Augsburger Allgemeine (Land Nord)
Mit Peter Eder ging’s auf Brautschau
„Literatur in der Werkstatt“präsentierte Ludwig Thoma in Gersthofen
Gersthofen Lesungen nach dem Motto „Literatur in der Werkstatt“gehören inzwischen zum festen Bestandteil des Programms der Kolpingsfamilie Gersthofen. Diesmal waren wieder Peter Eder als Rezitator und seine Frau Inge mit perlmuttfarbenem Akkordeon zu Gast bei Patricia und Hermann Steiner.
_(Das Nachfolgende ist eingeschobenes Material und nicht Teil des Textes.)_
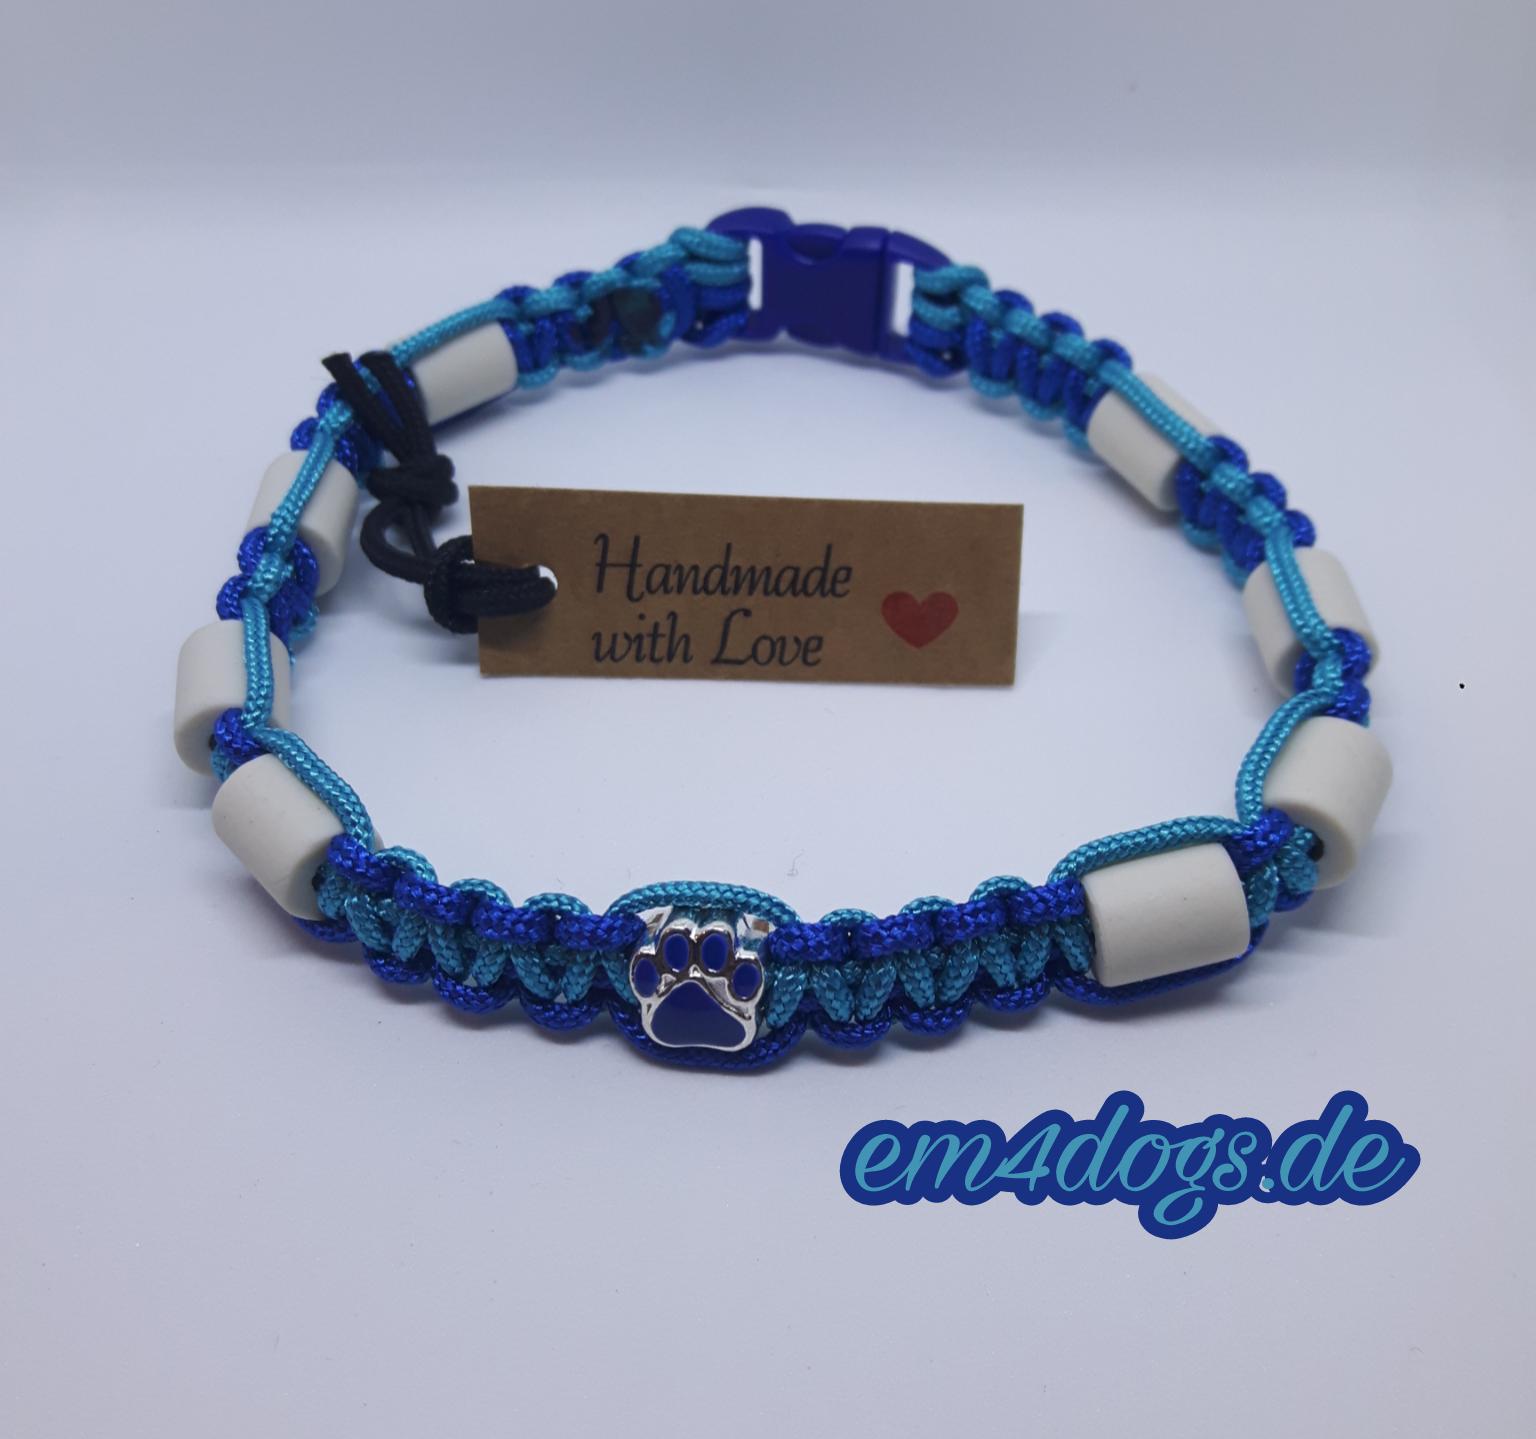 em4dogs.de EM-Keramik Hundehalsband dunkelblau türkis

Ausgesucht hat sich Peter Eder Geschichten von Ludwig Thoma (1867–1921), dem bayerischen Schriftsteller, der in seiner Mundart schrieb und die Geschehnisse der Menschen genau beobachtete. Bei Geschichten wie „Der Kohlenwagen“, „Reisebericht nach Tirol“über österreichische „Zustände im Coupé“erfuhren über 50 Kolpingmitglieder humorvoll und ausführlich von den Lebensumständen dieser Zeit. Der Bauernstand lag Thoma sehr am Herzen. In zwei Geschichten über „Brautschau“und „Heiratsvermittlung“las Peter Eder in bestem bayerischen Dialekt aus einem Vertrag über Austrag mit Wohnung, viel pekuniärer Mitgift (15000 Mark) und so und so viele Hühner, Enten, der Taubenschlag. Denn: „Ein Ehevertrag ist ein Vertrag wie jeder andere, alles gehört geregelt.“Ein Heiratsvermittler bekam 190 Mark „Schmuserlohn“.
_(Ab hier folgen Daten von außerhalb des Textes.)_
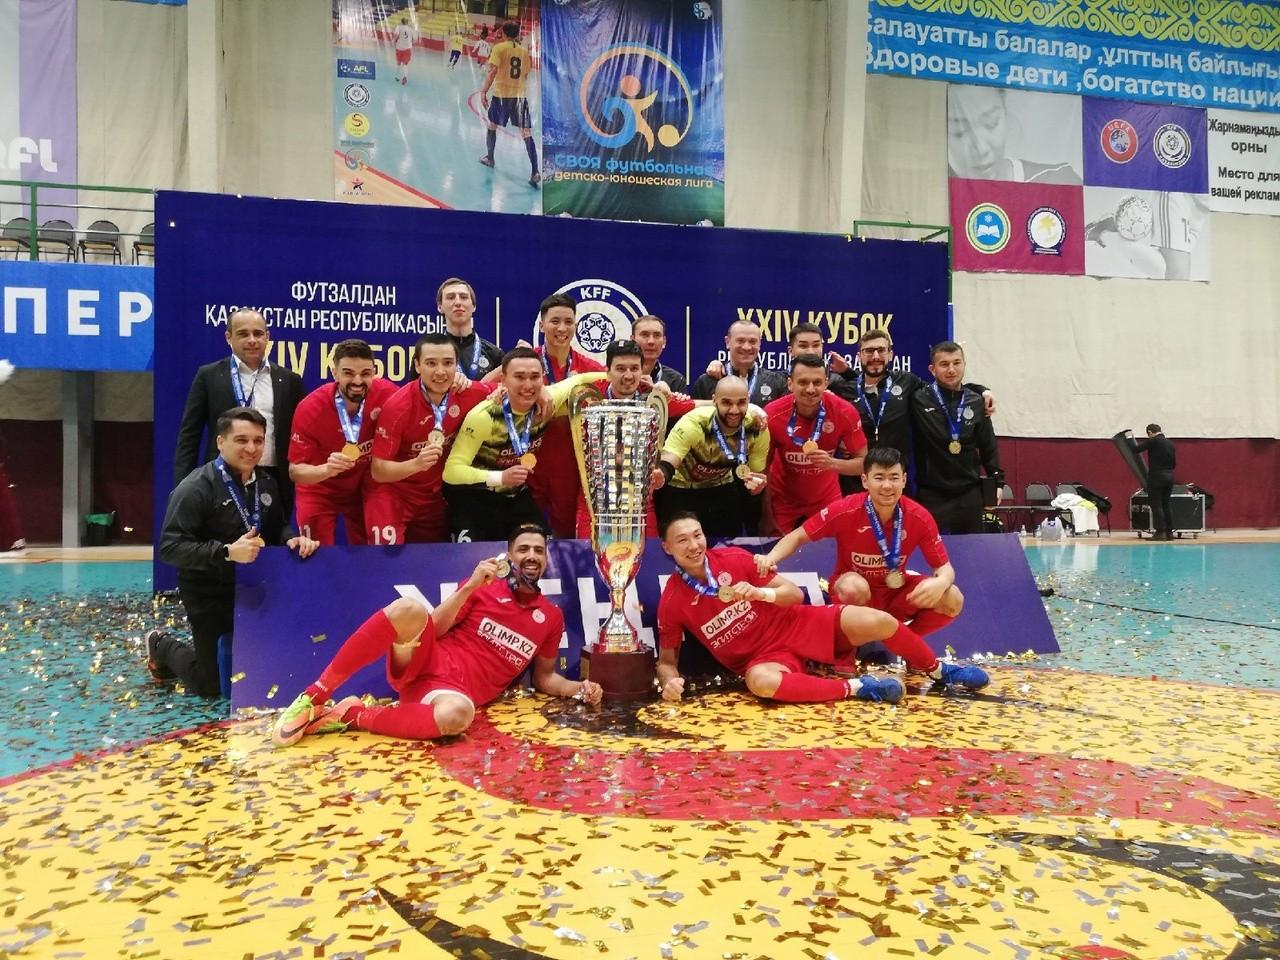 Кубок Казахстана по футзалу пройдет в Нур-Султане

Die Gründung des Vereines „Rauch-Club Kraglfing“war ein besonderes Ereignis, bis nach zwei Jahren endlich die Fahne als „Symbolium“für alle Bürger im Ort ein sichtbares Zeichen dieses Männerklubs darstellte. Beim Begräbnis des Josef Sailinger nach seinem plötzlichen Tod beäugten die Menschen am Sarg genau die noble Kleidung der Witwe sowie die anschließende Trauerfeier im Hause des „Realitätenbesitzers“ und lästerten darüber. Als Zugabe hörten die Kolpingmitglieder die 1911 verfasste, wohlbekannte Geschichte des Postboten Aloisius Hingerl in „Ein Münchener im Himmel“.
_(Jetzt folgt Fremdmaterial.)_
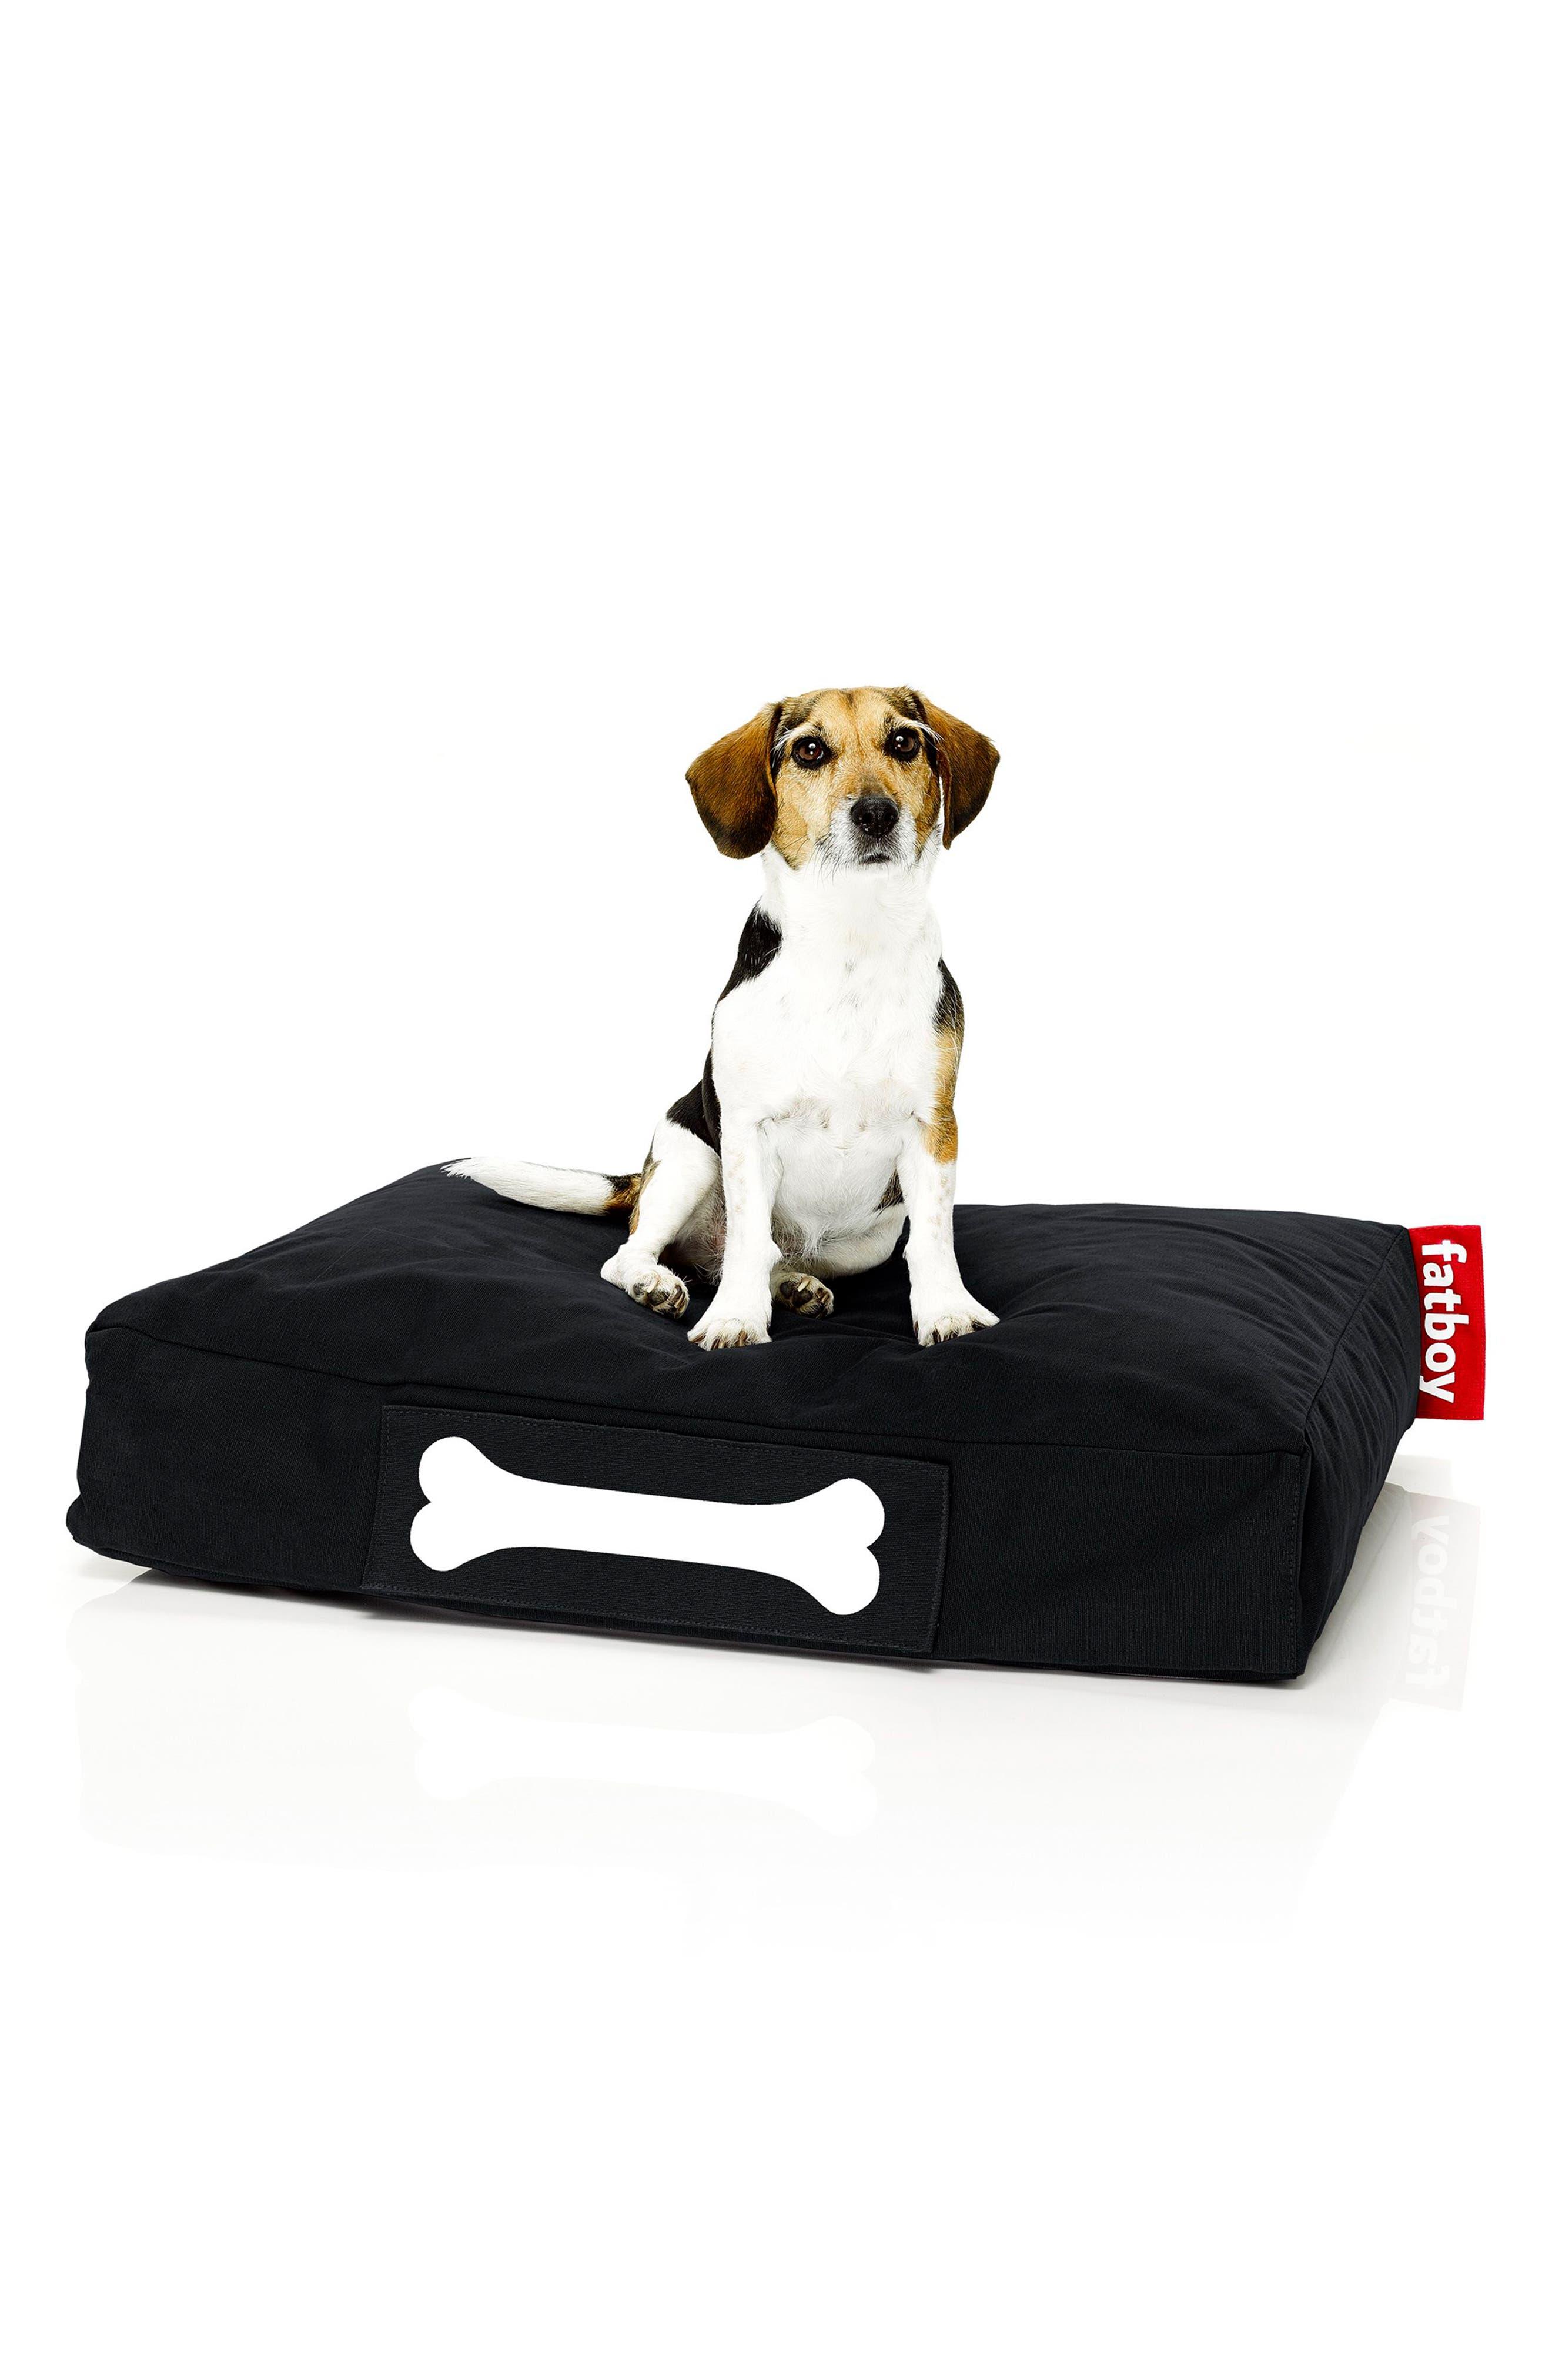 Doggielounge - Stonewashed Pet Bed,                             Alternate thumbnail 3, color,                             003

Thoma begann in Dachau als Rechtsanwalt zu arbeiten, ließ sich von den Schwestern Marie und Bertha sowie der Haushaltshilfe seiner gestorbenen Mutter Viktoria Pröbstl den Haushalt führen. Seine Kanzlei brachte ihm immer mehr bäuerliche Mandanten. Aus deren Rechtsfällen schöpfte der Autor so manche Ideen für seine literarische Arbeit.
Warm und gemütlich war’s in der Schreinerei bei Steiners, liebevoll und herbstlich geschmückt von Traudl Lenz. Danach entwickelten sich bei Getränken und Gebäck angeregte Gespräche.